La Iglesia en los documentos del Concilio Vaticano II dejó muy claro que las fechas, e incluso los autores no están demostrados que sean los que parecen y que por ello sólo es fiable que fueron creados fruto de la inspiración de Dios, como así fue, ya que reflejan el Mensaje de Cristo en su plenitud y por ello son Palabra de Dios.

¿ EXISTEN MÁS EVANGELIOS ?
La Iglesia Católica admite los cuatro evangelios canónicos, pero existen más evangelios, los llamados apócrifos (ocultos), desestimados por la iglesia católica por considerar que no estaban escritos bajo influencia divina. Los evangelios apócrifos son, pues, escritos relacionados con la vida o enseñanzas de Jesús compuestos durante los primeros siglos del cristianismo, pero que no fueron admitidos dentro del canon. Algunos son muy antiguos, otros son más tardíos; unos fueron escritos para comunidades judeocristianas, otros fueron reelaborados o compuestos por grupos gnósticos. Algunos de ellos fueron muy populares y se tradujeron a diversas lenguas.

Los evangelios apócrifos son, en la mayoría de los casos, más tardíos que los evangelios canónicos, a los que intentan completar. Esto significa que son poco útiles para recuperar recuerdos históricos sobre Jesús. Sin embargo, algunos de ellos son interesantes para el estudio de los dichos de Jesús, y para conocer cómo pensaban y vivían algunos grupos cristianos de los primeros siglos.

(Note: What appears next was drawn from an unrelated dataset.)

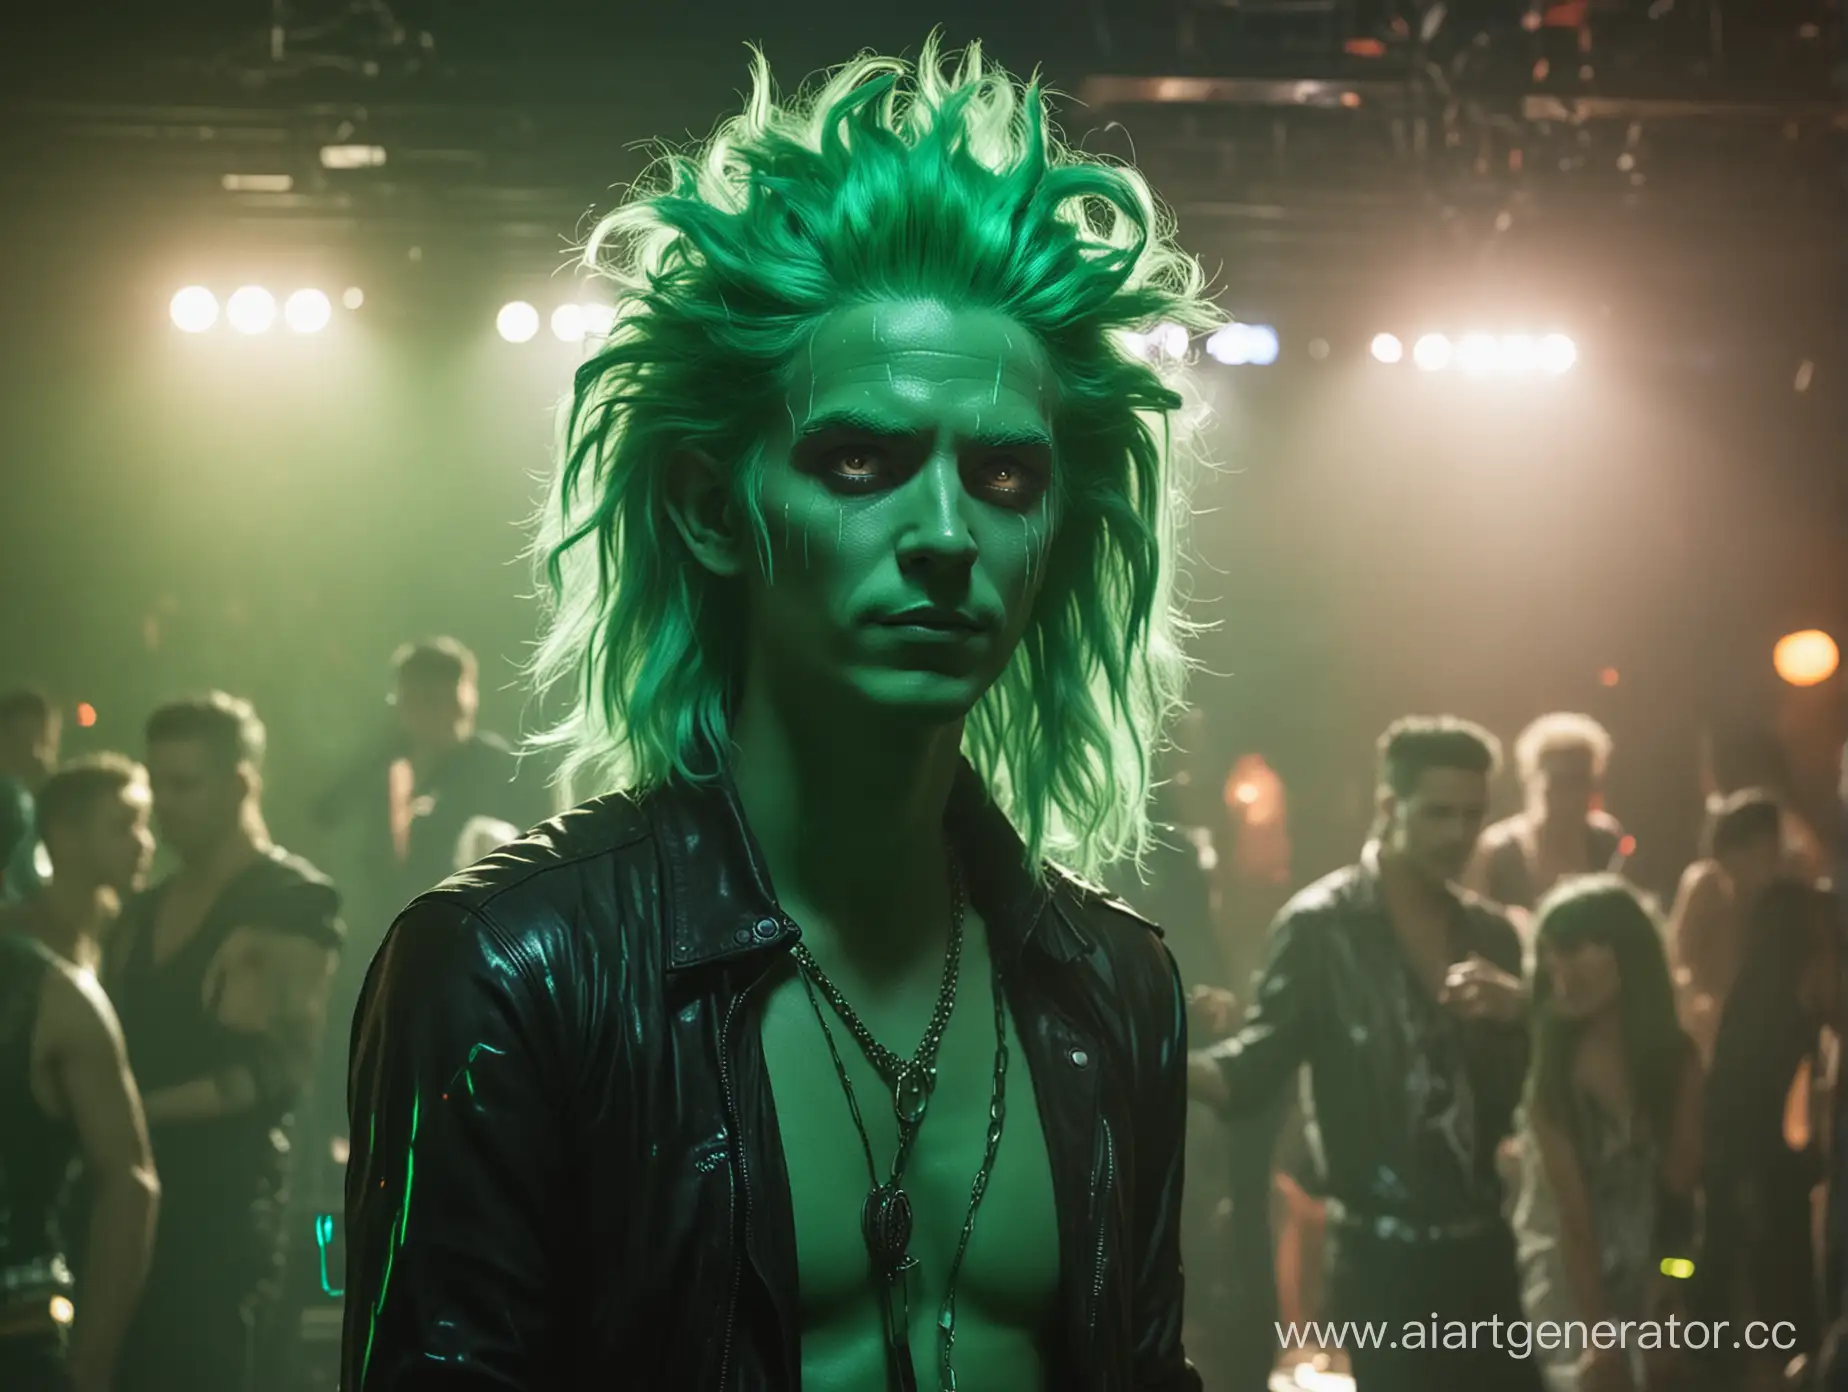 бог подземного мира со светящимися зелеными волосами в полный рост на дискотеке в подземном царстве

En el Evangelio de Tomás la mayor parte de las parábolas aparecen sin interpretación, lo cual confirma la hipótesis de que las interpretaciones que encontramos en los evangelios canónicos de las parábolas de Jesús son obra de la iglesia.

Un hecho determinante es que en los apócrifos se ensalza la figura de María, la madre de Jesús, probablemente sin los evangelios apócrifos la devoción mariana sería poco menos que incomprensible, si solo tomamos como referencia los canónicos.

No fue hasta el siglo VI que la ya oficializada Iglesia de Roma, mediante el llamado Decretum Gelasianum, rechazó los Apócrifos como inauténticos. Pero ni siquiera esta medida, hizo desaparecer los textos. Aquellos que se oponían abiertamente a la doctrina de la Iglesia –caso que ilustran los llamados Evangelios Gnósticos– fueron buscados entonces con especial ahínco para garantizar su destrucción, de la cual parecen haberse salvado algunos por obra de una comunidad de monjes asentada en el desierto egipcio. El descubrimiento de los textos de Nag Hammadi nos ha hecho tomar conciencia de los graves desafíos doctrinales que hubo entre las comunidades cristianas.